Солнце уже давно скрылось за лесом, и сквозь переплеты окна в комнату торопливо прокрадывались сумерки.
— Не зажигайте света, — тихо попросил Штефа, — в темноте лучше вспоминается… Знаете, это у меня никак не выходило из головы. Когда я возвращался с последнего свидания с нею, кошки скребли у меня на душе. Но тут во мне заговорило упрямство. «Раз ты так, ну и я так», — сказал я себе и быстро зашагал к трактиру, в котором еще издалека слышались песни. Там меня, заводилу, уже ждали.
«Гей, Штефа, что-то ты сегодня рано возвращаешься от дивчины, не случилось ли чего?» — услышал я еще с порога. «Да так, не поладили», — через силу сказал я. И вдруг слышу: «И ты позволяешь, чтобы девка тобой командовала? Посмотри, я пятьдесят тысяч из Аргентины привез. Хочешь, поедем туда со мной?»
Ехать мне не хотелось. Кто знает, какая она, эта Аргентина, что там за люди. Чего доброго, там и поговорить не с кем будет, раз языка их не знаешь. И уж наверняка никто там не станцует так, как здешние ребята. Но упрямство взяло верх. Я подумал: будут теперь надо мной, заводилой, смеяться, что я с девкой не сладил, или подумают, что я моря испугался…
«Так что, поедешь?» — спрашивает в это время наш американец. Я кивнул. А через месяц я уже получил из Праги все бумаги. Если бы не они и если бы я не ухлопал на них столько денег, я бы в последнюю минуту раздумал. Со всех окрестностей в Лужицы пришли проводить меня ребята. Пришли наши, лужицкие, из Тещиц и Микульчиц и даже из Бояновиц пришли. А пели и танцевали так, что у меня даже в горле сдавило. Кое-кто одобрял меня, но куда больше было тех, кто отговаривал. Только тогда я понял, как ребята меня любили. И тут я еще сильнее пожалел, что мне приходится с ними расставаться. «Ну, ничего, это ненадолго, — уговаривал я сам себя, — побуду там, за океаном, годик-другой, забуду свое горе, а потом вернусь». В последний раз я помахал им рукой, когда поезд тронулся и хор на перроне запел: «За можем ми руже квитла, я ю тргат небудем, миловал сем шварне девче, виц миловат не будем…»[26] Вытер я украдкой слезы и стал смотреть из окна на убранные поля и опадающие листья. Это было в октябре, в двадцать девятом году… Штефа немного помолчал.
— Давненько. А ведь вы хотели через два года вернуться.

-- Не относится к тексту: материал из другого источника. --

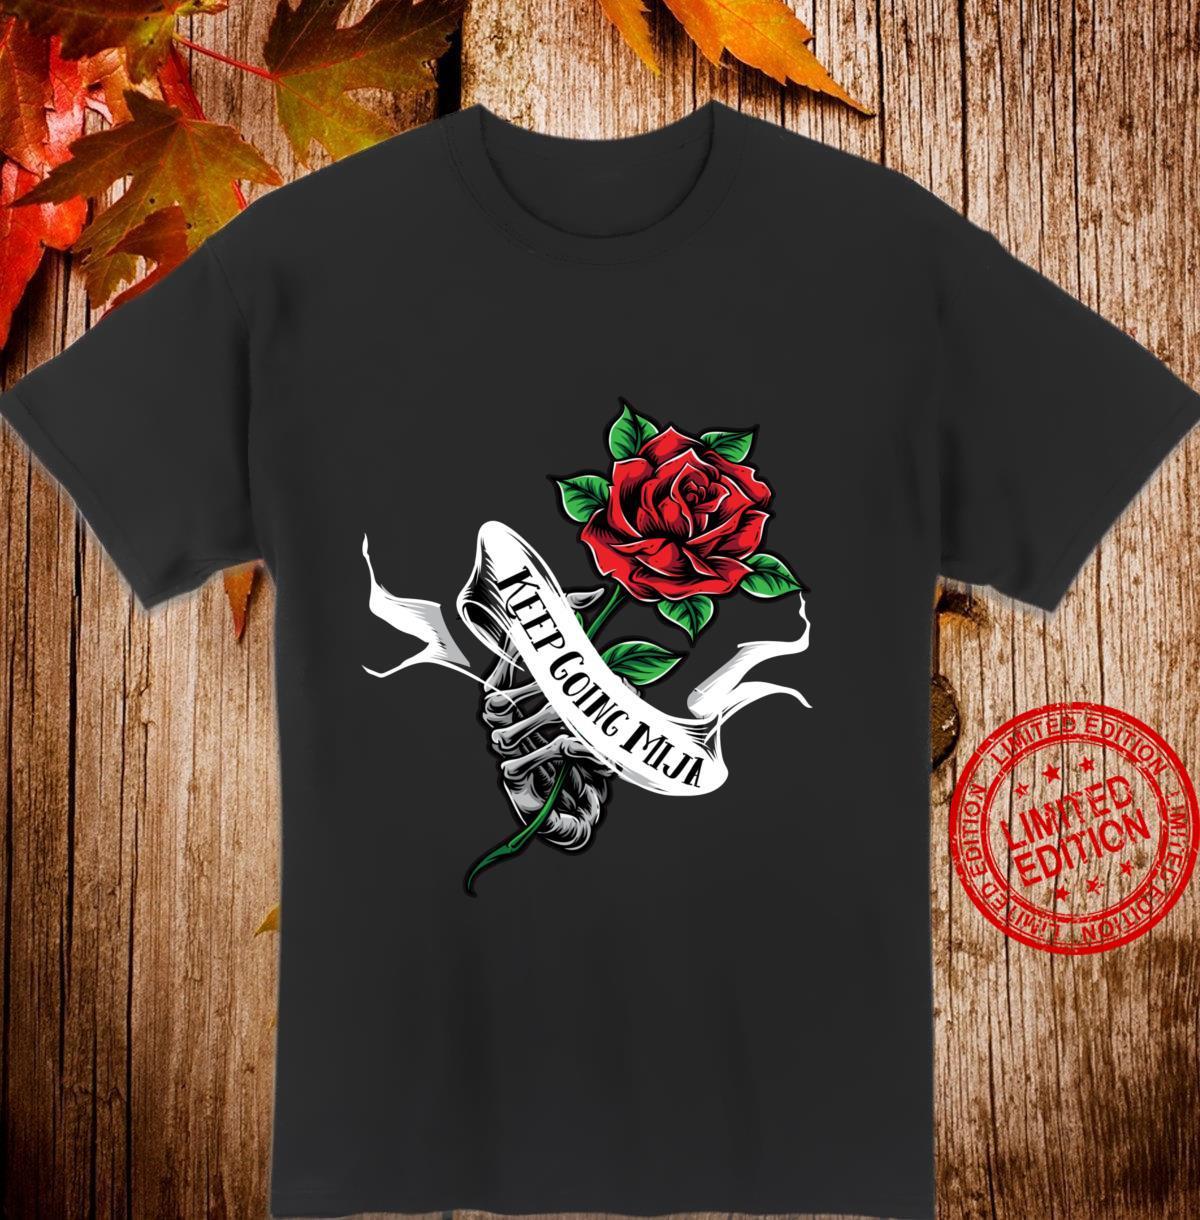 Keep Going Mija Hand Skull Floral Tattoo Design Shirt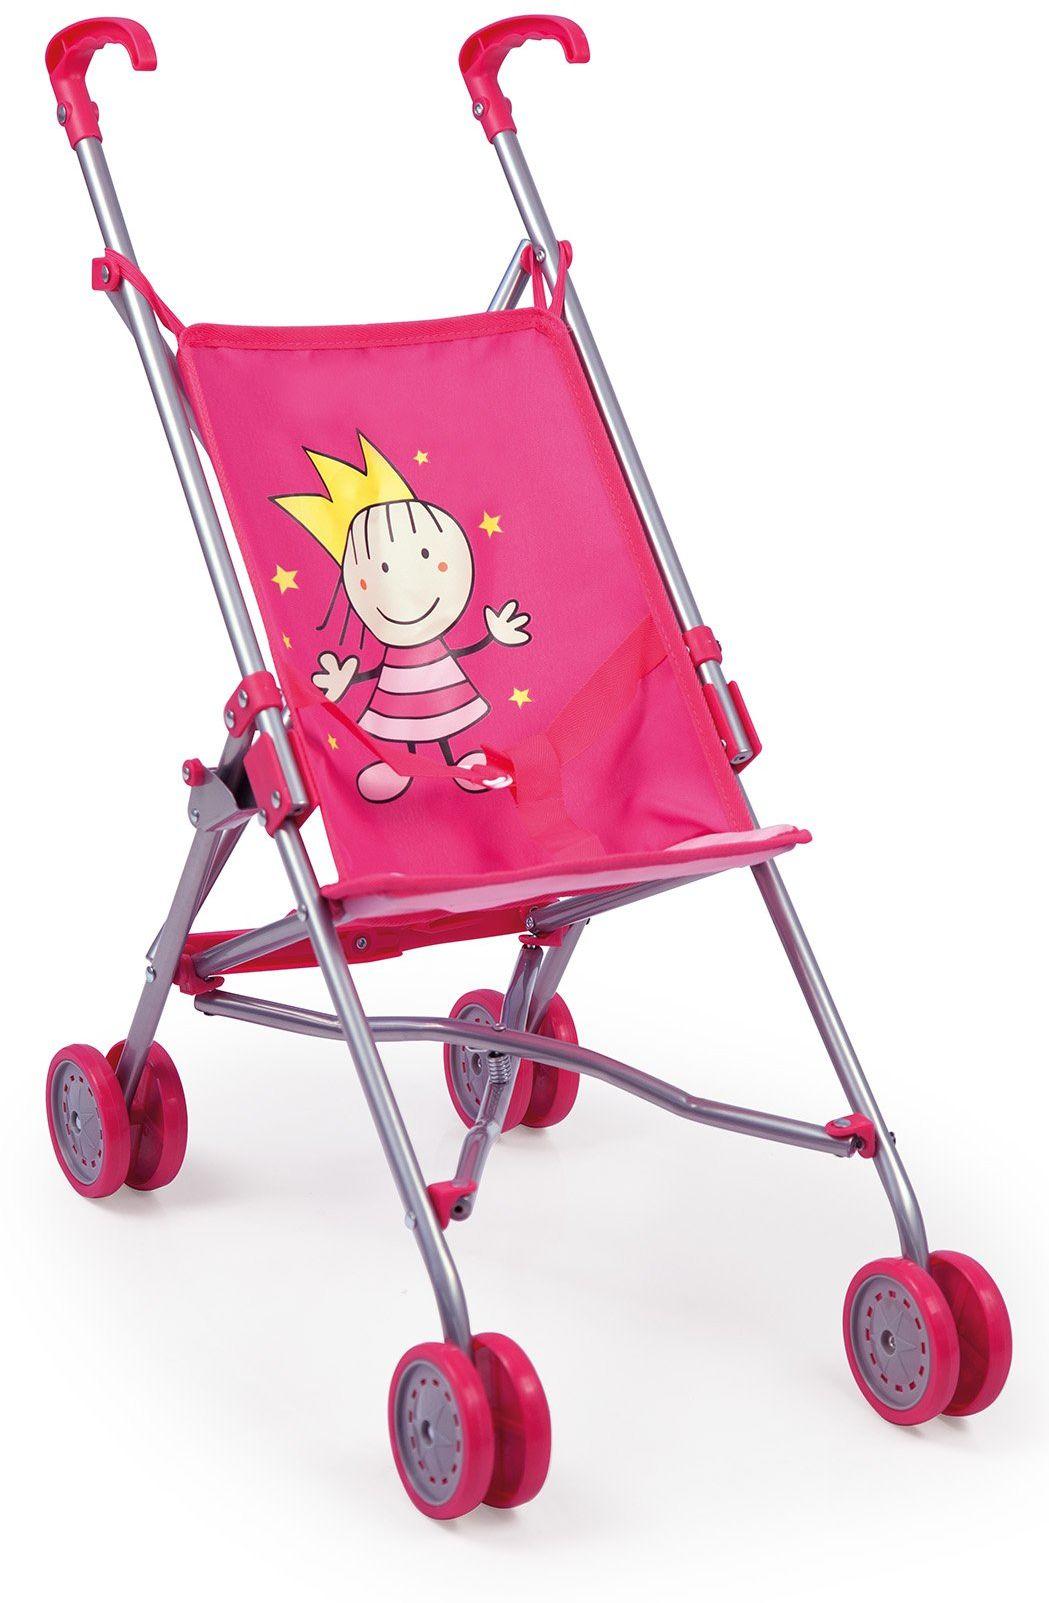 Bayer Design 3018201 lalka buggy księżniczka

— Да. Так я себе это представлял. Но человек предполагает, а бог располагает. Чтобы вышло дешевле, мы ехали пароходом, на котором возят скот. И все равно, когда я приехал в Буэнос-Айрес, в кармане у меня осталась одна мелочь. Я обменял ее в банке, и, после того как заплатил какие-то пошлины, у меня осталось ровно десять сентаво. Я собирался ехать куда-то в Сантьяго-дель-Эстеро, на сбор альфальфы, но потом мне сказали, что в Аньятужье,[27] где в то время много строили, каменщиком я заработаю больше. Мне отыскали это место на карте и сказали, что на каком-то индейском языке Аньятужья значит «старый черт». «Не будь, — сказали, — суеверным и поезжай». Аньятужья находилась где-то на пути из Санта-Фе в Тукуман, куда в то время многие переселенцы ездили работать на сахарные заводы. «На худой конец, — сказал я себе, — если там не понравится, знаешь, куда бежать к своим». Как сезонному рабочему, дорогу мне оплатили. А больше ничего. В кармане у меня не было ни гроша, а до Аньятужьи пришлось ехать два дня. Все это время я ничего не ел, только изредка, когда поезд где-нибудь останавливался, я пил воду, от жары спасался. Никогда я не знал, что значит просить хлеба, а если бы даже и знал, все равно бы не посмел. Разве же у нас, в Лужицах, кто-нибудь протягивал руку за куском хлеба?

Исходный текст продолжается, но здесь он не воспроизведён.